Serial neurosonologic examinations can reveal the dynamic imaging features of carotid web and provide more-precise information on the morphological change of the superimposed thrombosis after anticoagulant therapy. However, only few descriptions of a carotid web observed using CUS have been reported in the literature,6 and the diagnostic sensitivity of CUS is limited by the small size and poor awareness of carotid web. The relatively common finding of carotid web was mild bulbar outgrowth.7 Reported ultrasonography findings of carotid web include a hypoechoic mass with a linear band extending into the lumen,8 a focally arising artifact and elevated peak systolic velocity,6 and irregular echogenic plaque resulting in stenosis.9 In our case, we detected a hyperechoic thin web-like projection into the lumen. In addition, we observed a subsequent appearance of hypoechoic thrombi around the web. These findings corroborate the proposed mechanism of carotid web causing hemodynamic change and subsequent thrombosis. In summary, on CUS imaging, a carotid web may appear as a characteristic thin strand protruding into the lumen, which can cause hemodynamic instability, with or without a superimposed thrombosis.

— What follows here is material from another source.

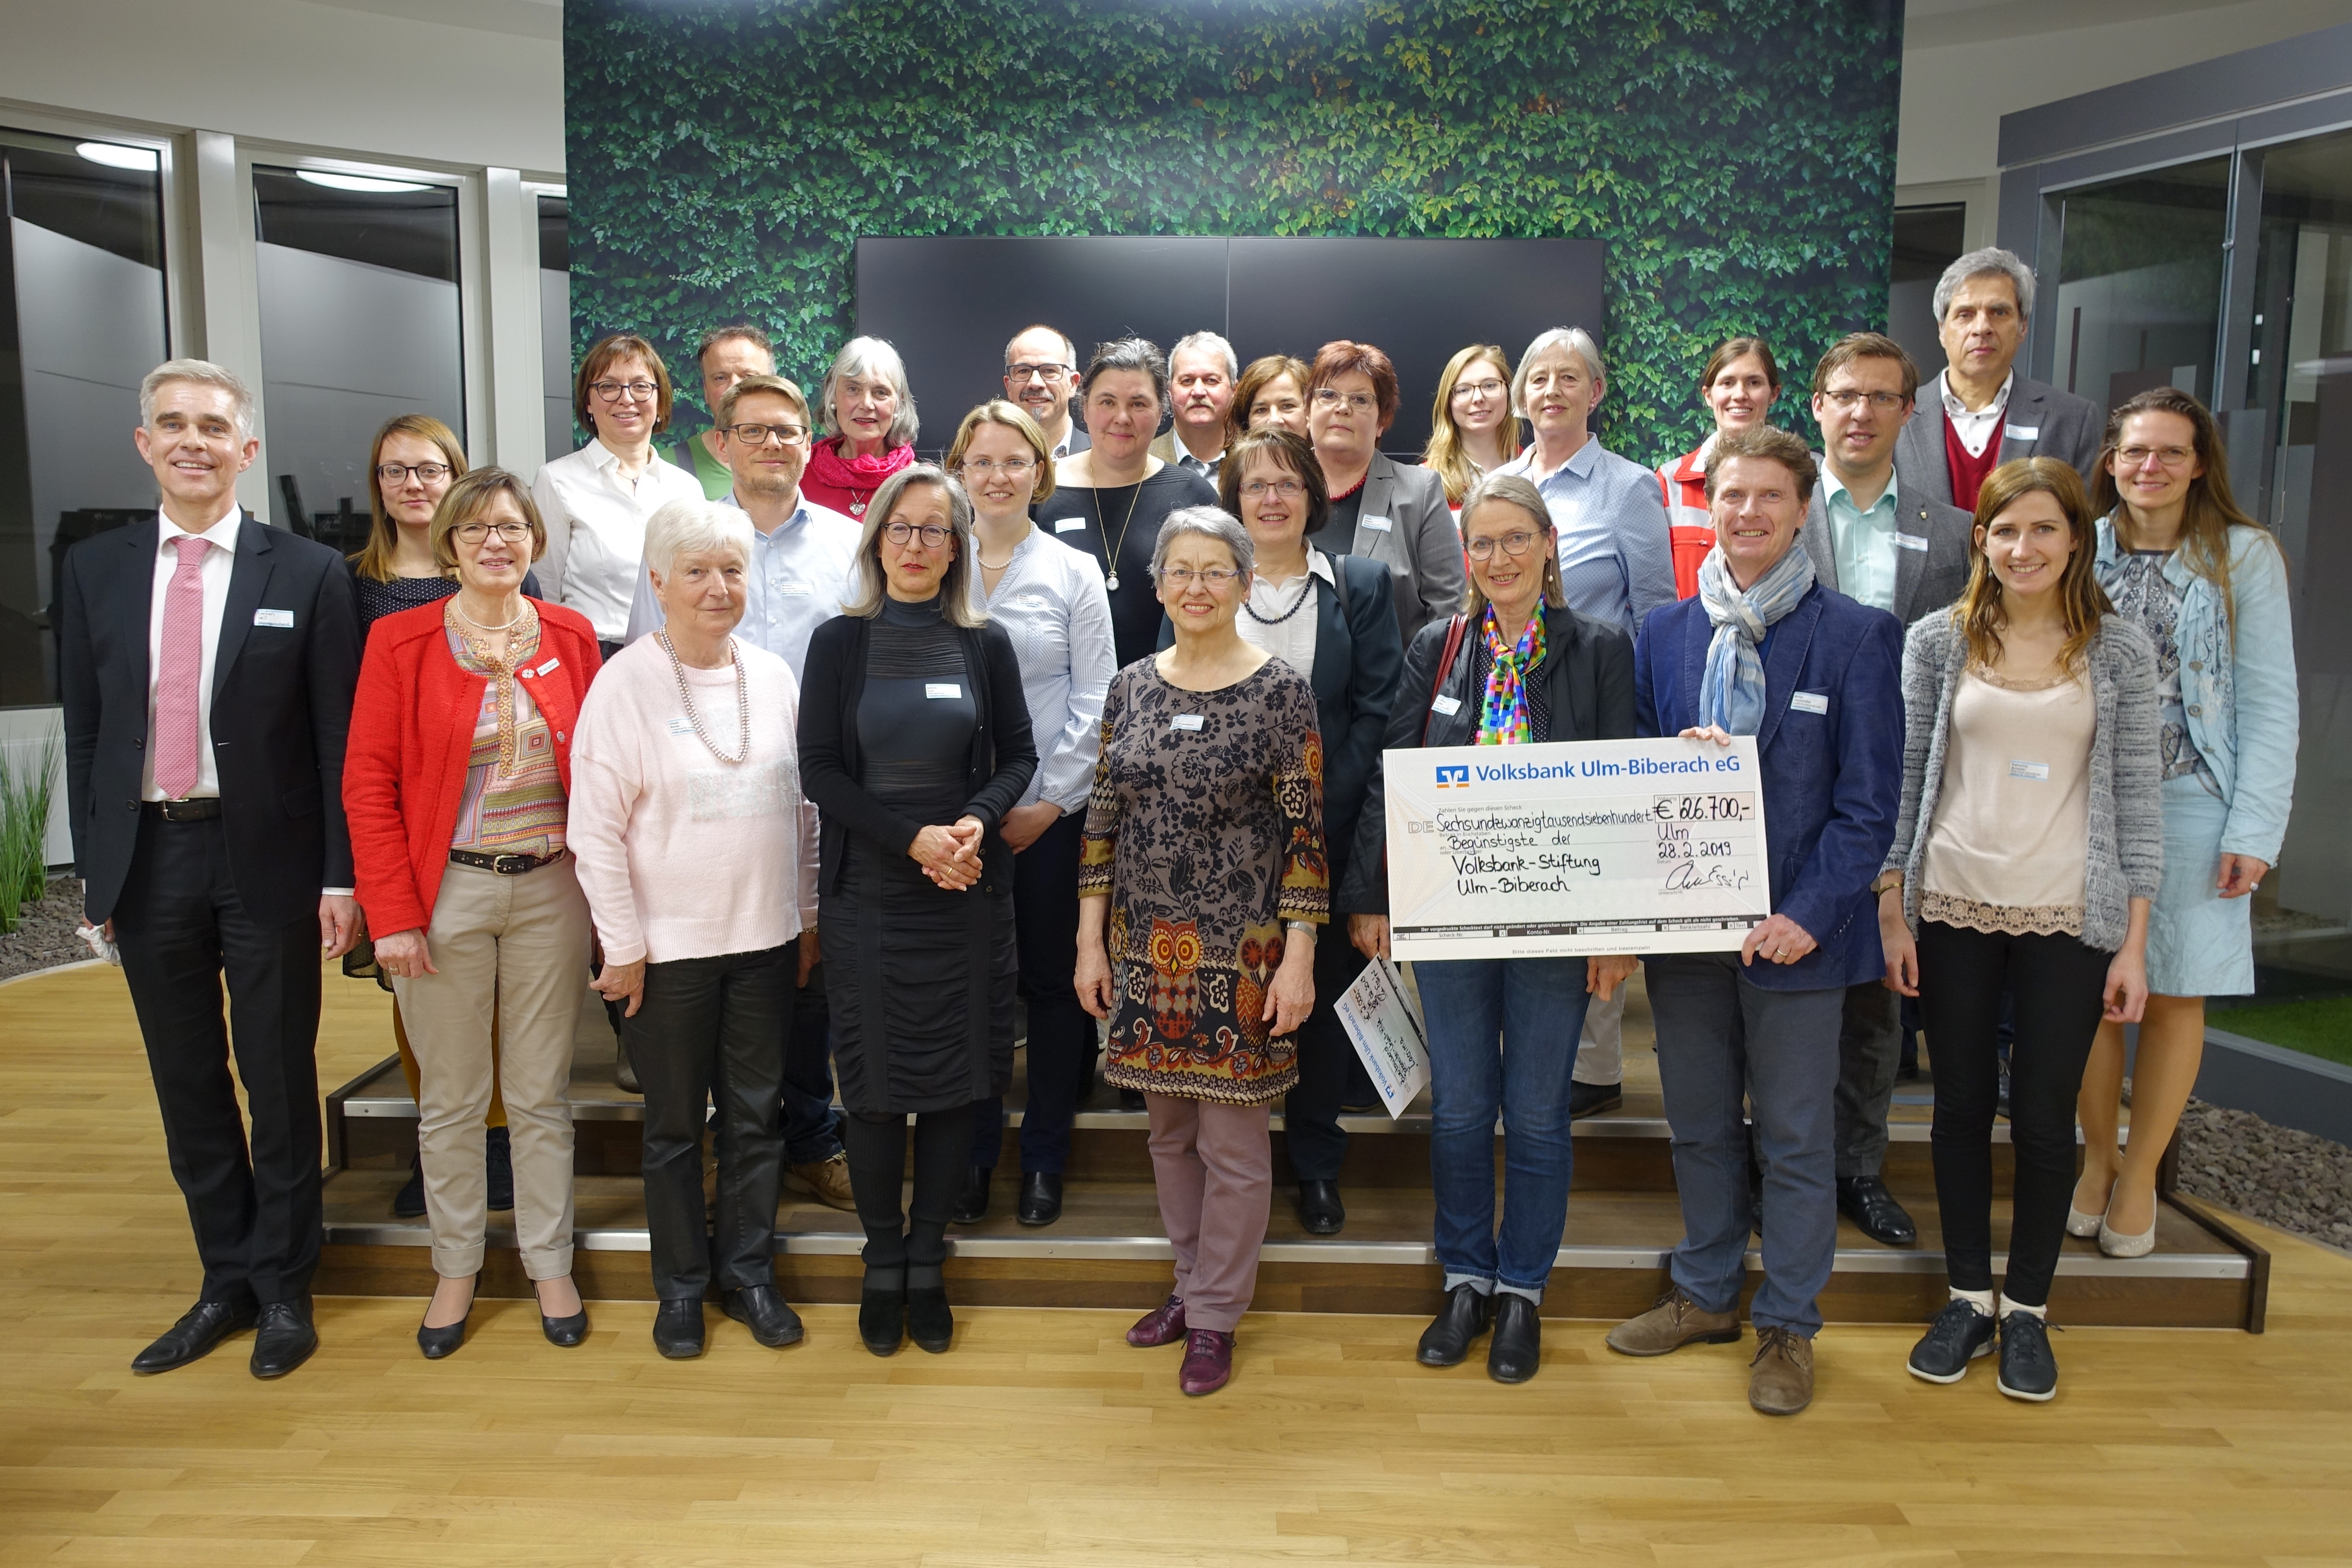 Pressefoto Volksbank Ulm-Biberach

The recommended treatment strategies for patients with carotid web remain mostly unknown owing to its rarity and lack of natural history data.3 General medical management strategies, including antithrombic administration and optimal control of vascular risk factors, are considered traditional. However, considering the imaging findings of blood stasis or turbulence around the web, and the high incidence rate of superimposed thrombosis, which has been reported to range from 12% to 29% in patients with stroke attributable to web,1 anticoagulant therapy could be a reasonable alternative for secondary stroke prevention. Moreover, long-term therapy with anticoagulants could be needed in cases with fibrotic tissue carotid web without regression. In patients with failure of medical management, revascularization with either endovascular stenting or carotid endarterectomy may be considered. Recent case reports showed favorable results from stenting.10
In cases with acute ischemic stroke and carotid web without any other determined etiology of brain embolism, carotid web could serve as a nidus for thrombus formation and possibly a source of brain embolism. This condition can be serially monitored using CUS. Furthermore, reemergence of a newly formed thrombus along the carotid web could change the management strategies to prevent recurrent brain embolism. Future studies with large numbers of cases with carotid web could elucidate the natural course and identify more-definitive treatment strategies in these cases.